The temple is a hypaethral structure — a shrine with no roof — overlooking lush farmland on one side and a pond on the other. The inner walls have niches aplenty and sitting in each is a small chlorite idol of a yogini. The facial features of each and every figurine are distinctive, so are their expressions. The chief deity, Mahamaya, is housed in one corner.
Most of the idols are broken, some have their feet smeared with vermilion or covered with flowers. One particular figurine has an elephant head. “We call her Lady Ganesh,” says Manoj Kumar Mahapatra, the priest of the temple — he makes his living running a catering business.
It is Mahapatra who tells us the backstory about the yoginis. He invokes the shastras to support his telling. It seems once upon a time, demon king Raktabija got a boon from Brahma. The blessing was this — should anyone spill the demon’s blood, from every drop shed a thousand of his progeny would spring forth.
The boon made Raktabija near invincible. However, when Durga, the female force, clashed with him, she unleashed on him her legions of yoginis — who drank the demon’s blood before a drop could touch the ground.
The circular temple has a raised shrine in its centre. It is revered as the seat of Bhairav, an incarnation of Shiv and represents the tantric union of Shiv and Shakti. “Basically, the fabric of the universe,” says Mahapatra. It is said that at day-end the yoginis descend on the shrine. And one can attain siddhi or salvation if one can appease them. Though the word “siddhi” in its most accurate sense conveys a spiritual achievement, when used with reference to the yoginis it commonly refers to the supernatural, paranormal or magical powers. Mahapatra explains that the yoginis are in possession of secret knowledge, which one can attain only after being formally initiated into the cult. “An attempt to get only a slice of it, however, can spell danger,” he cautions.

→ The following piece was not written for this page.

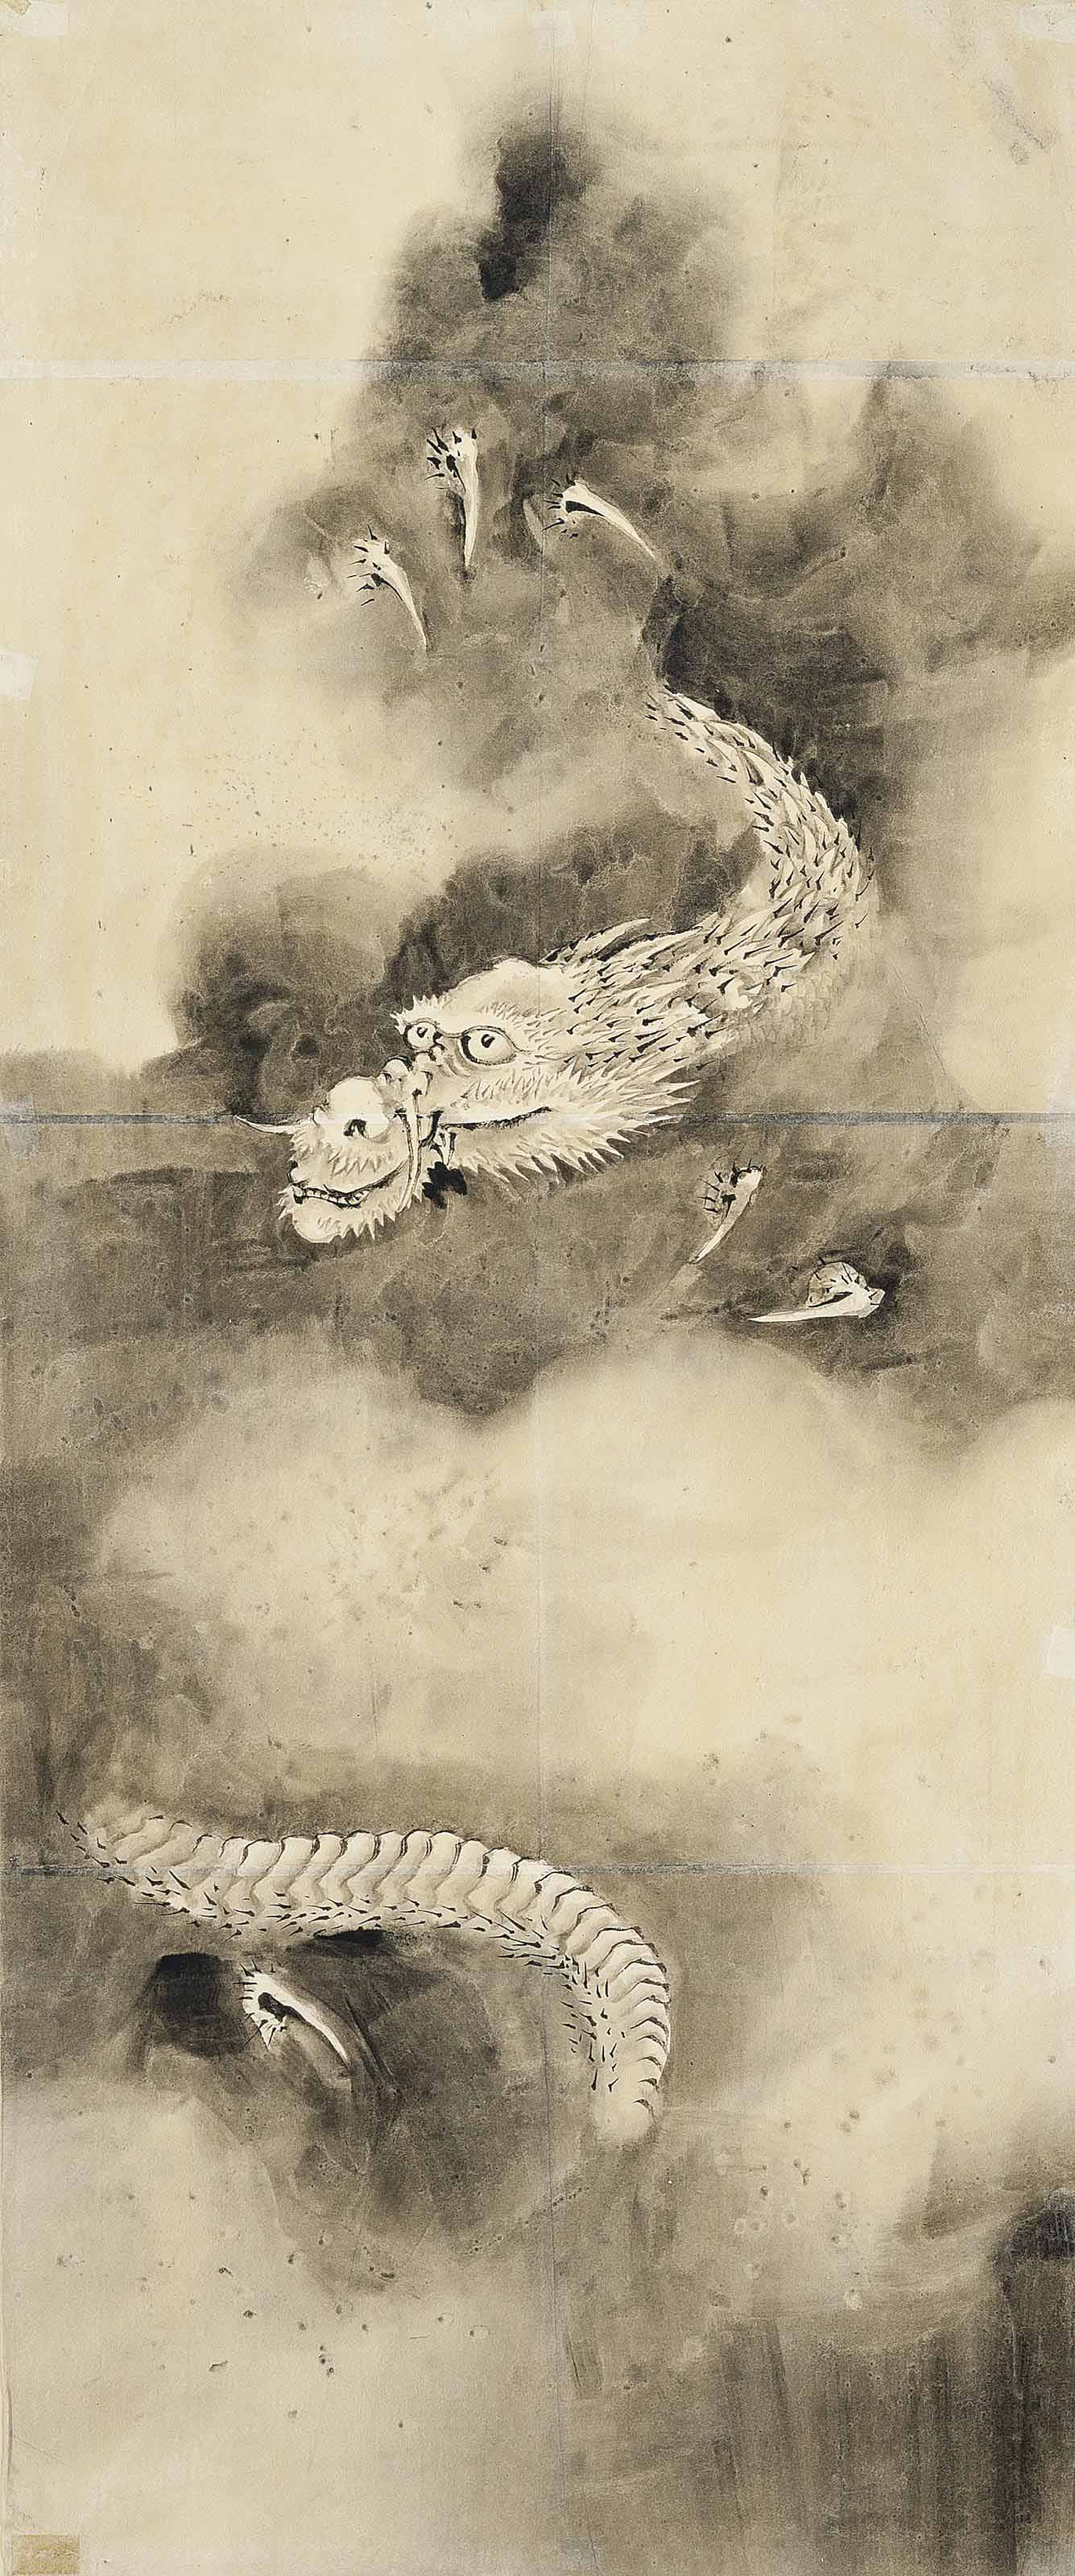 Attributed to Katsushika Hokusai (1760-1849)
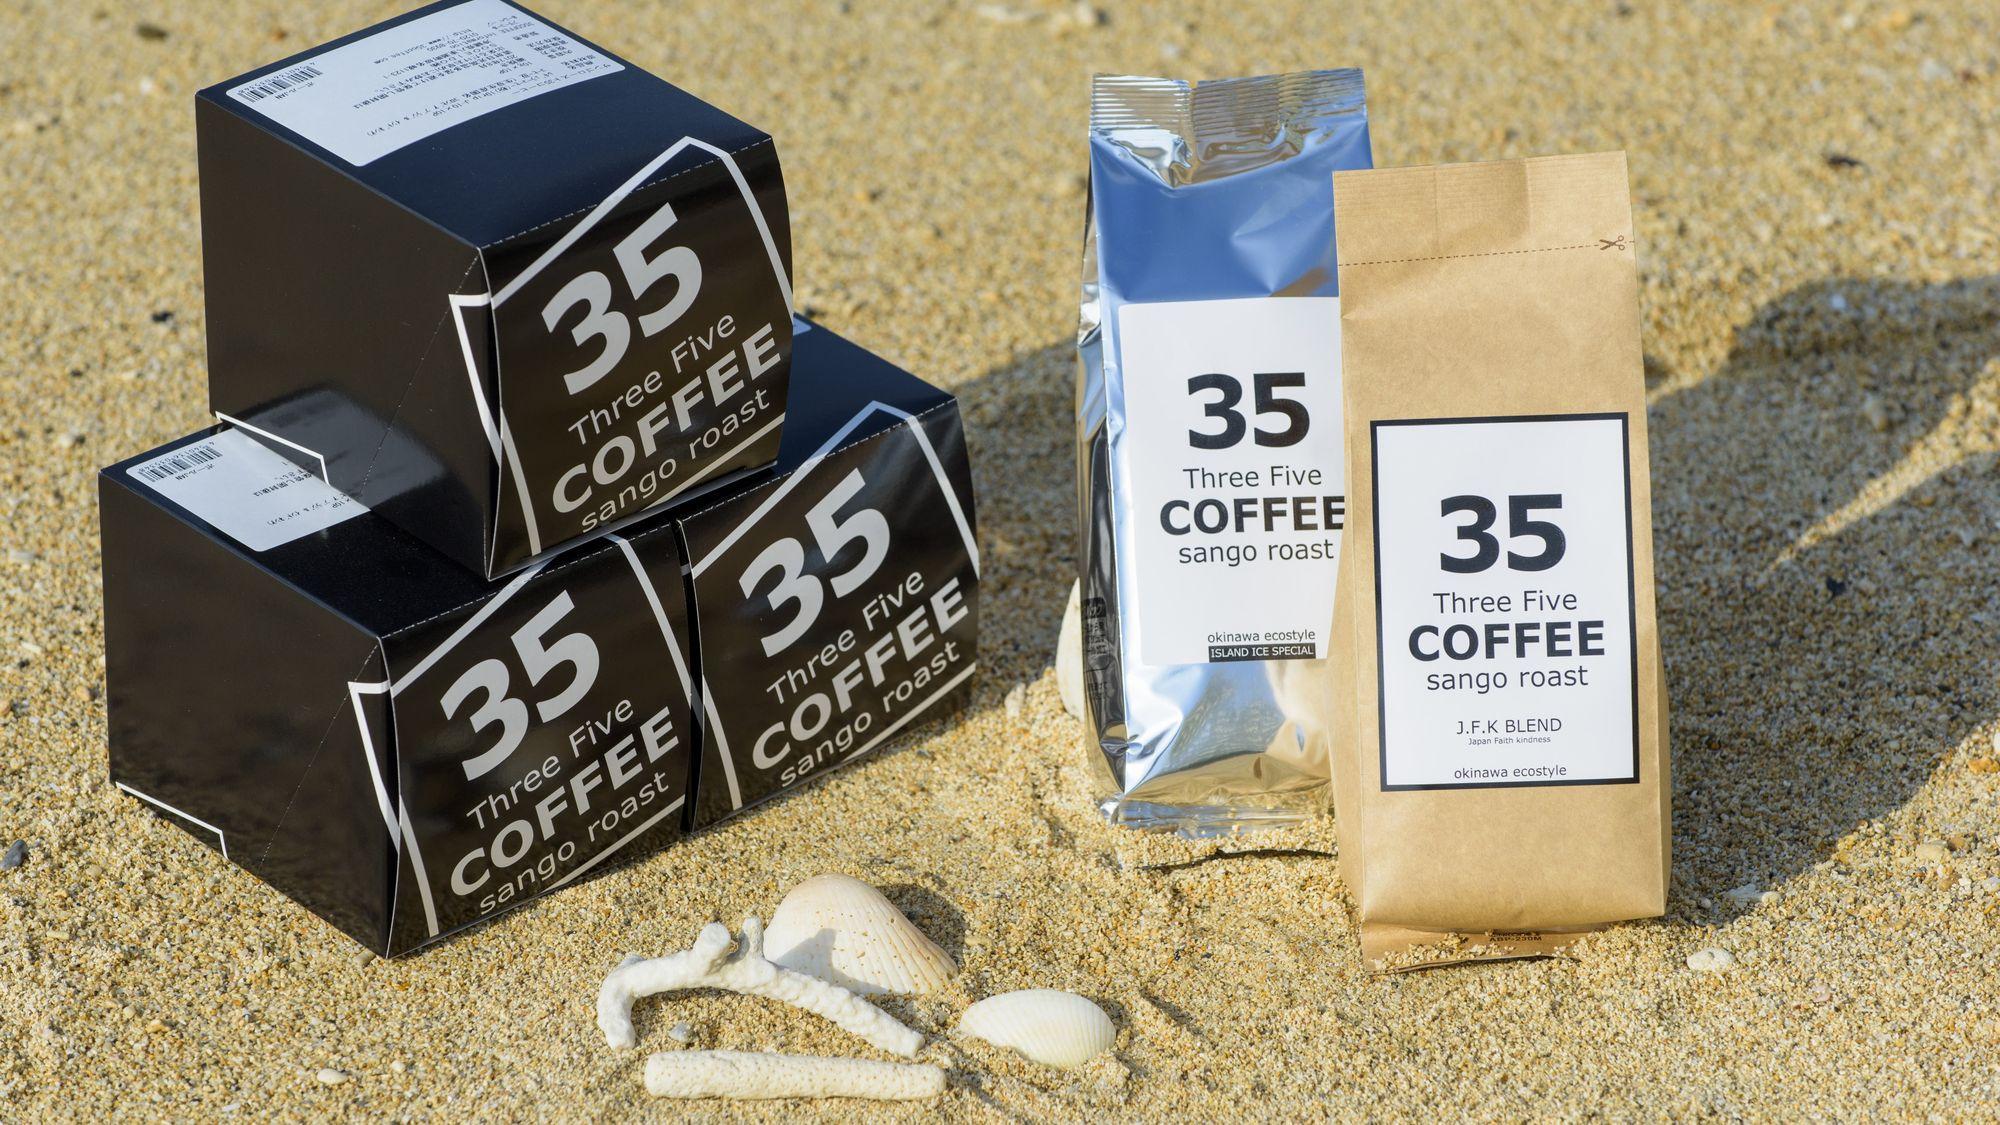 35COFFEEコーヒー豆

The 64 yoginis also represent the 64 kalas or the arts. “Look closely and you will notice that each [figurine] has a different pose, hairdo and vahan,” says Mahapatra. Indeed, each has a distinct identity — a seamstress, a dancer and so on.
Bijay Kumar Rath, former superintending archaeologist of Odisha State Archaeology, says, “Kedarnath Mohapatra, a member of the Odisha State Museum, discovered the temple in the 1950s. Before that the temple lay unattended for more than 800 years.” The local version is that the original temple was built on a cremation ground and with the passage of time, the village extended till here.
However, one can barely spot village folk around the temple. The area remains desolate, and though it is early evening even the birds seem to be in a hurry to retire to their nests.
The visit is barely wrapped up when the parked car purrs into life. The driver, Munna, whispers urgently, “Saab, it is time.”